While numerous works have discussed formulation of a diagnosis of dementia there is little work to date on the practicalities involved in disclosing this diagnosis to a patient. We therefore outlined some of the key aspects of dementia diagnosis disclosure in a recent commentary published in the Quarterly Journal of Medicine.
Disclosing the diagnosis
A diagnosis of dementia should be disclosed in the vast majority of cases. The temptation to massage the diagnosis by using euphemisms such as ‘memory problem’ should be resisted. In much the same way as describing cancer as a ‘growth’, this leads to misunderstanding and the clarity of the subsequent message is lost. Among people with Alzheimer’s disease, less than half reported being told of their diagnosis by a healthcare professional yet almost all patients with dementia wish to be fully informed of their diagnosis 1 .
As with most chronic illnesses, disclosure of diagnosis should be followed by outlining a management plan. Discussion should avoid overemphasis on pharmacological therapies, as dementia, like many medical conditions in later life, responds better to a multimodal care plan rather than a narrow pharmacology-based strategy.
It is also vital that strategies proven to reduce the risk of further cognitive decline are emphasized. This includes maintaining a healthy diet, regular exercise and management of cardiovascular risk factors. Medications such as benozdiazepines and anticholinergics should be avoided if possible and it is also often surprising how few patients are aware of the negative effects excess alcohol can have on cognition.

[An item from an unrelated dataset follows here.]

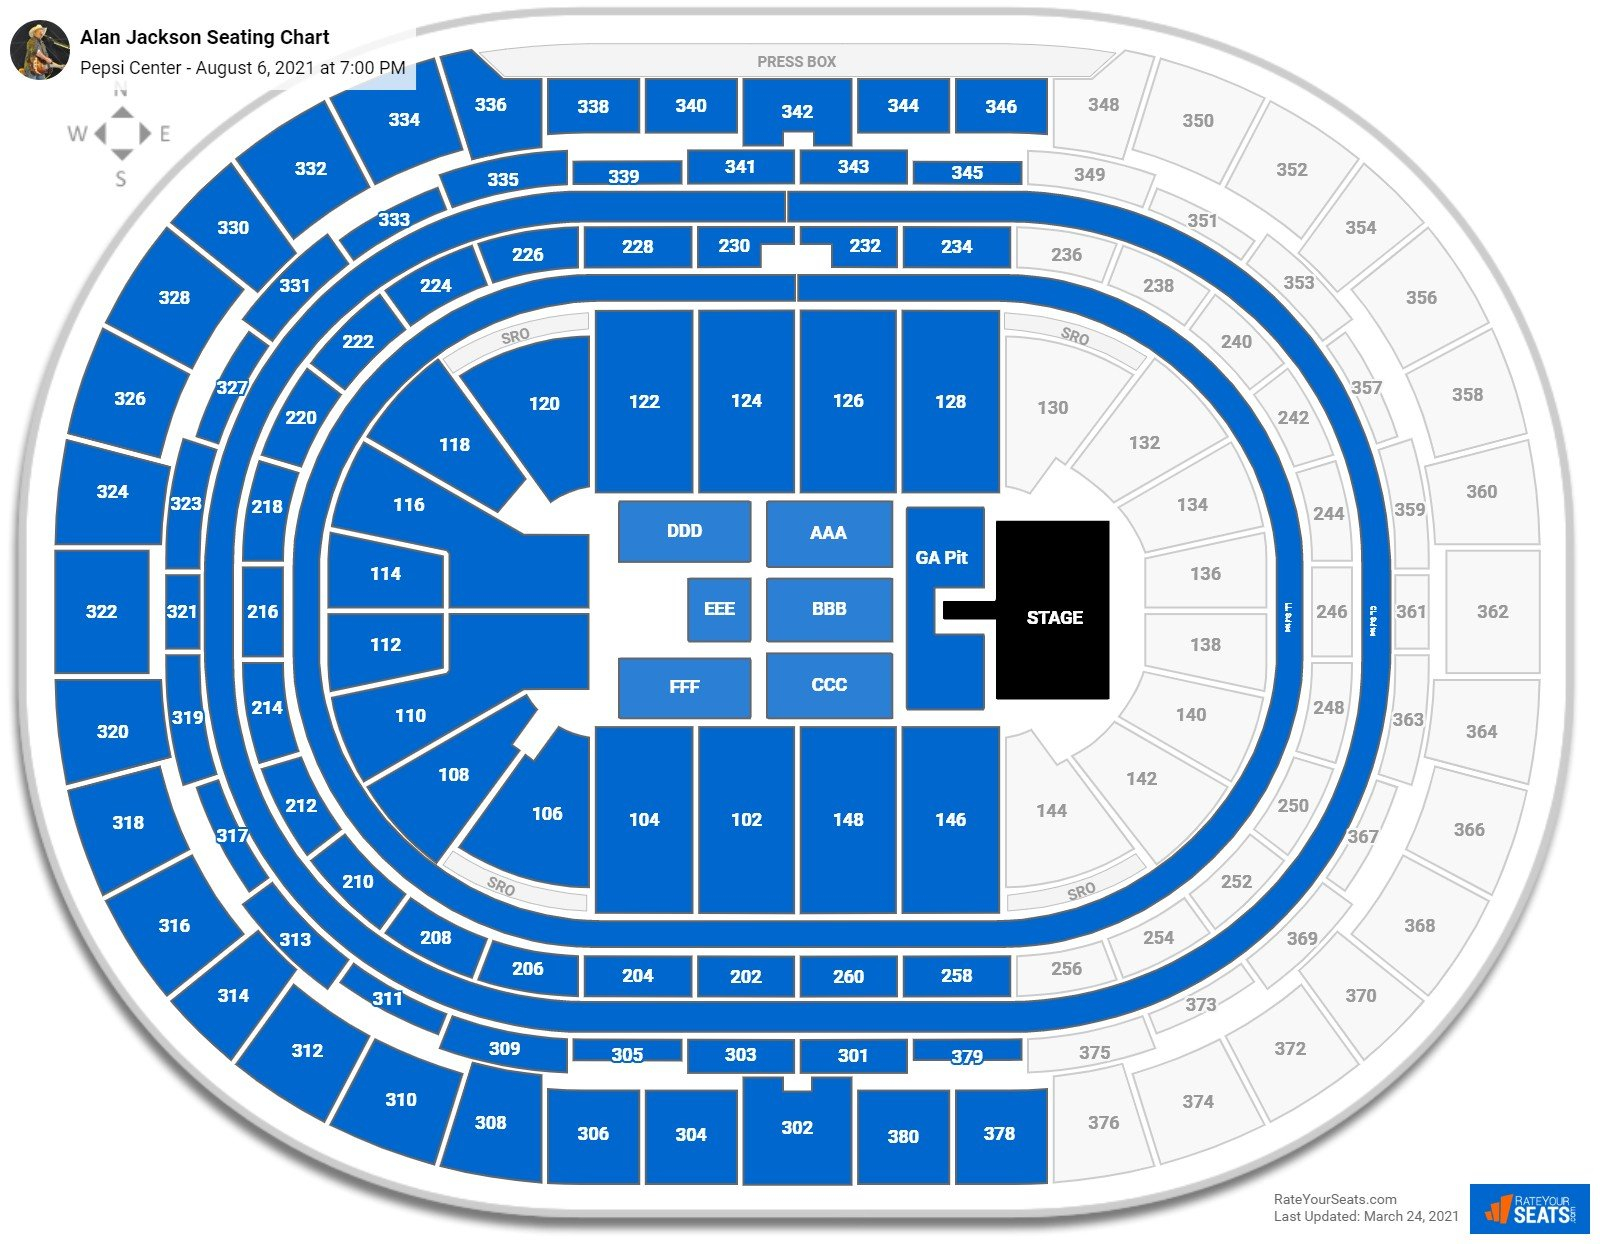 Ball Arena Concert Seating Chart Arena Seating Chart

Accurately predicting future cognitive and functional trajectory in dementia can be challenging and is influenced by individual factors such as age, educational attainment and interval episodes of acute illness. It should be noted however that almost two-thirds of people with dementia in Ireland currently live in the community rather than in nursing home care2, and one in twenty people diagnosed with dementia require admission to nursing homes within 3 years3.

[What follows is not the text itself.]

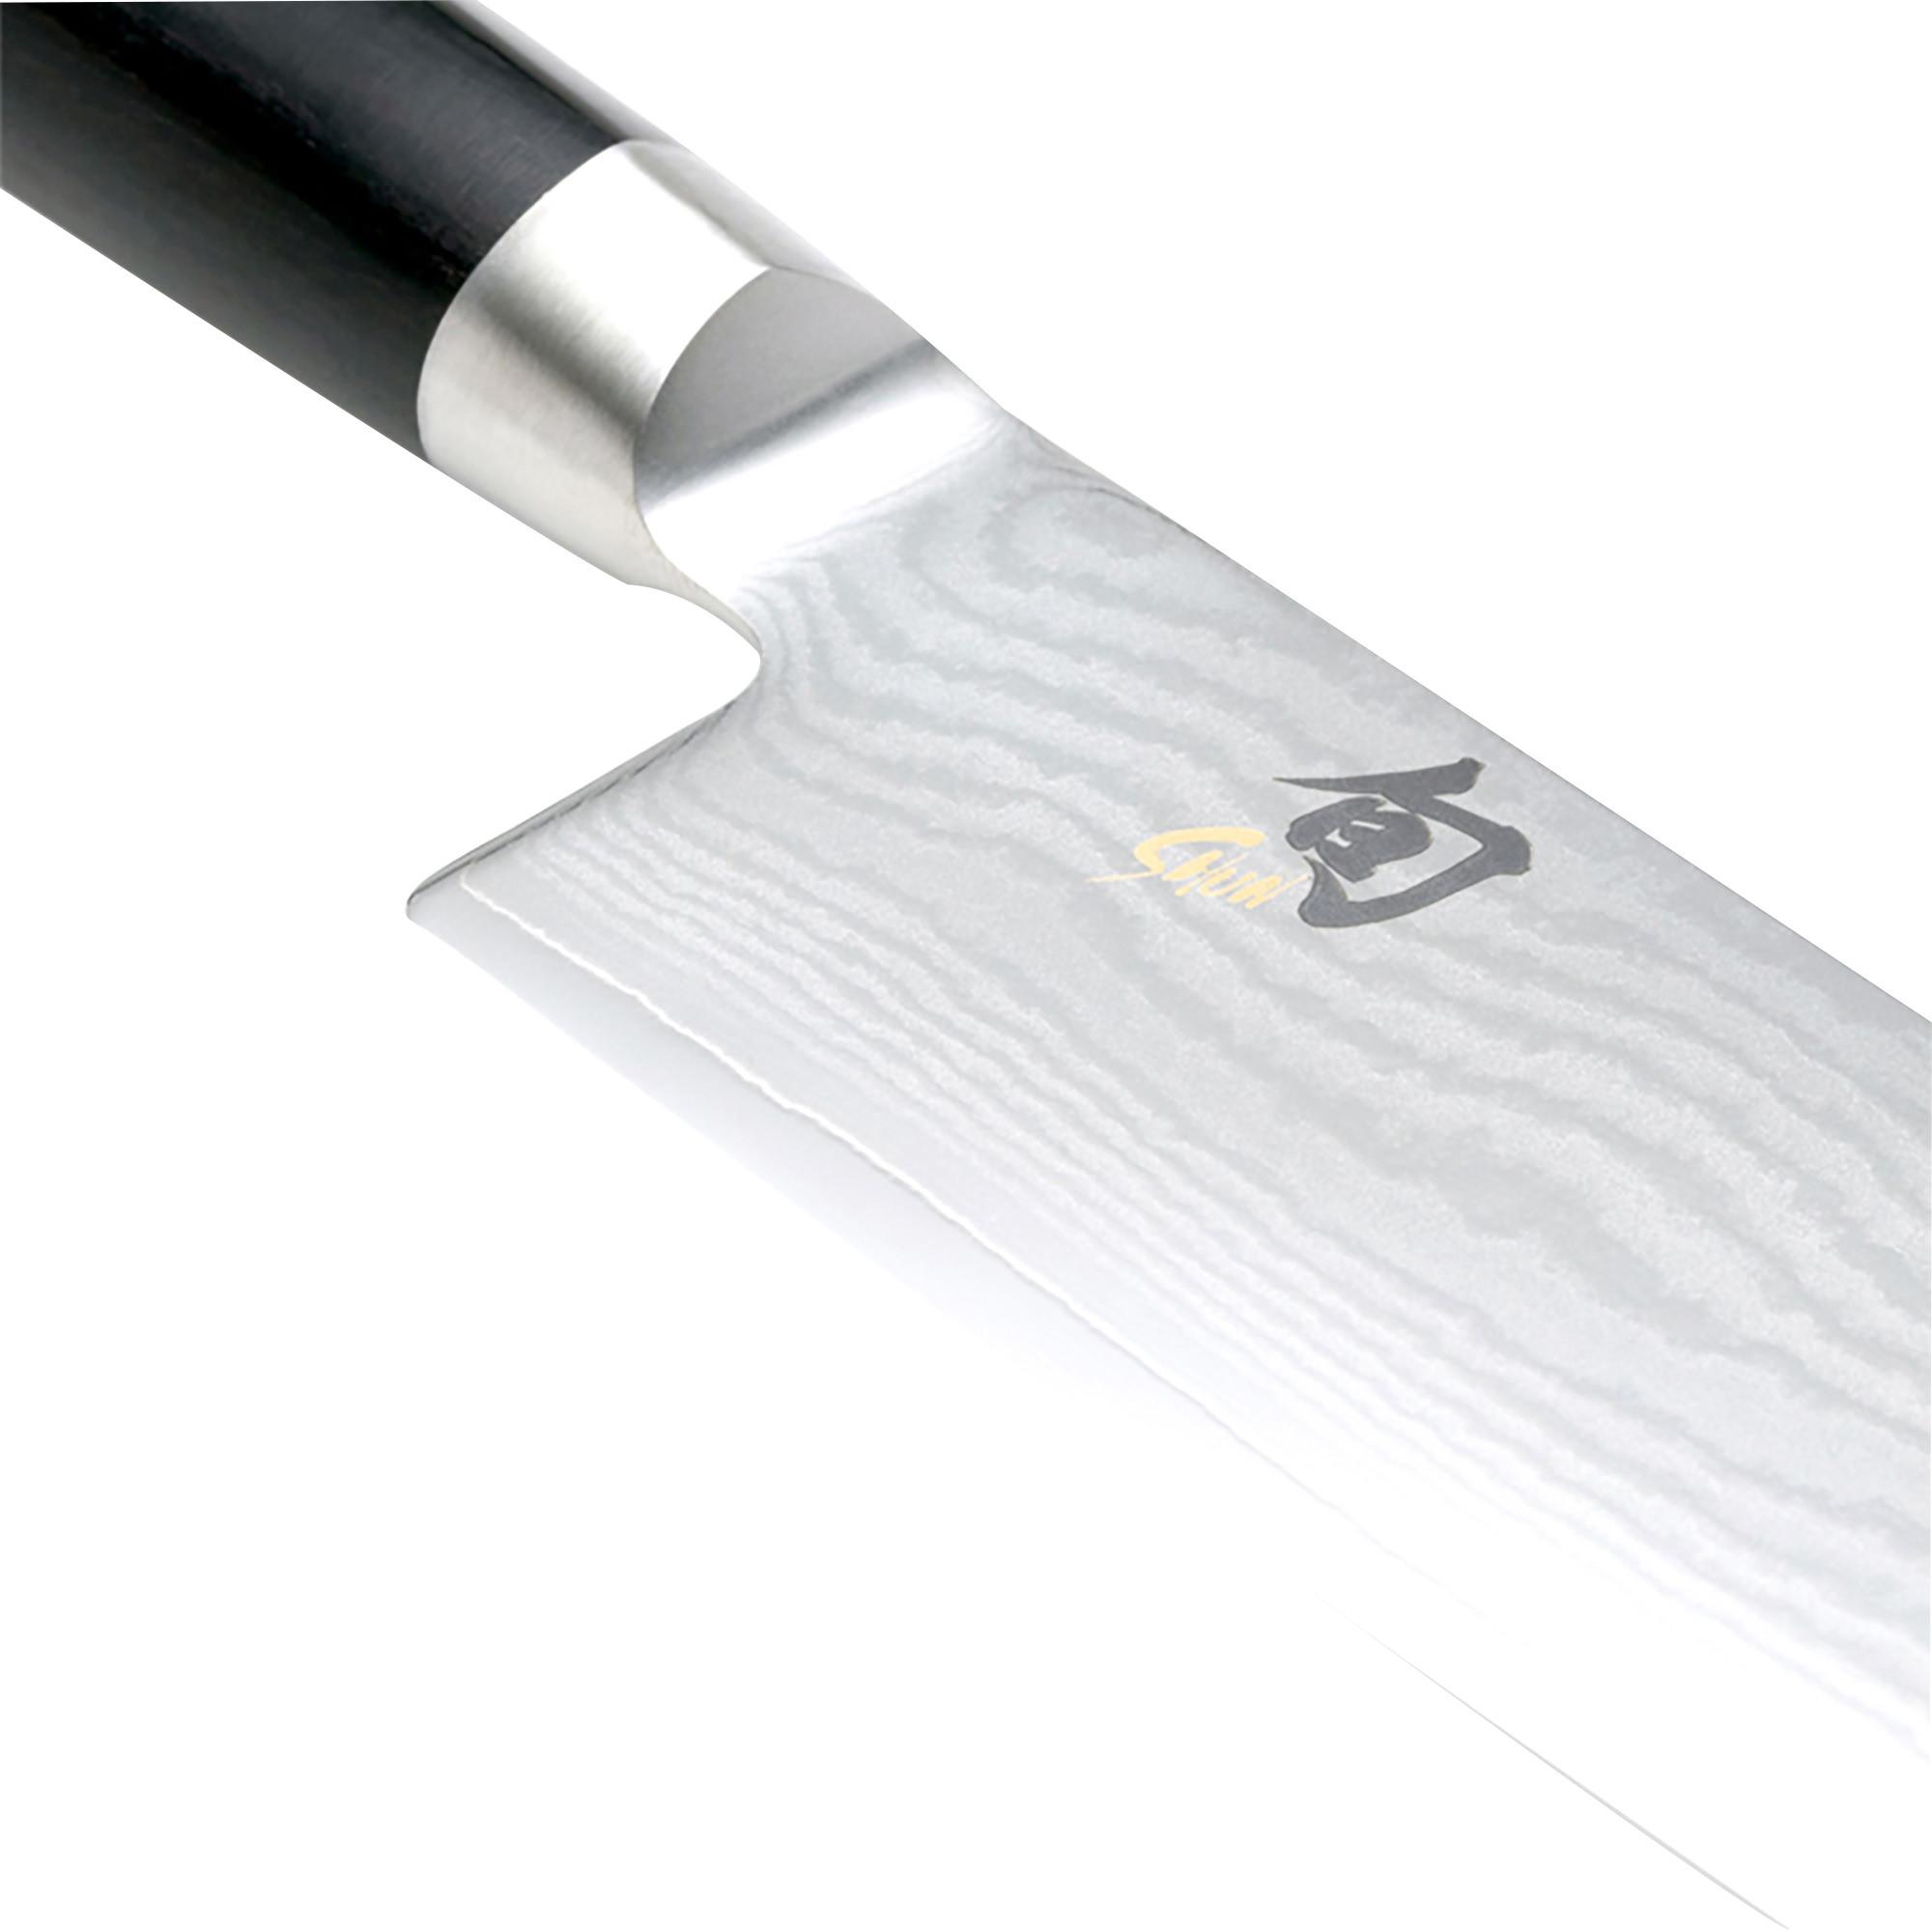 Shun Classic Santoku Knife 16.5cm Image 2

It must also be stressed that while dementia by definition causes a degree of functional impairment, most people with dementia live fulfilling lives with good subjective quality of life when compared to their peers.
Dementia is a complex illness and time must be taken to outline these complexities in a manner accessible to both the patient and family. Consultations of this nature are not suited to short time slots in a busy clinic, and it is important that there is sufficient time to address all concerns.
While it is crucial to acknowledge and address the significant implications being diagnosed with dementia can have for an individual’s future mental and physical health, at the same time it is important to reinforce the evidence that most people with dementia do not require admission to nursing home care and continue to report good quality of life.
Robert Briggs & Sean Kennelly,
Age-related Health Care Department,
- Pinner G, Bouman WPP. Attitudes of patients with mild dementia and their carers towards disclosure of the diagnosis. Int Psychogeriatr 2003; 15:279–88.
- Pierce M, Cahill S, O’Shea E. Prevalence and Projections of Dementia in Ireland, 2011–2046. Genio Dementia Learning Event 2013; https://www.genio.ie/system/files/publications/Dementia_Prevalence_2011_2046.pdf (18 August 2017, date last accessed).
- Wattmo C, Wallin AK, Londos E, Minthon L. Risk factors for nursing home placement in Alzheimer’s disease: a longitudinal study of cognition, ADL, service utilization, and cholinesterase inhibitor treatment. Gerontologist 2011; 51:17–27.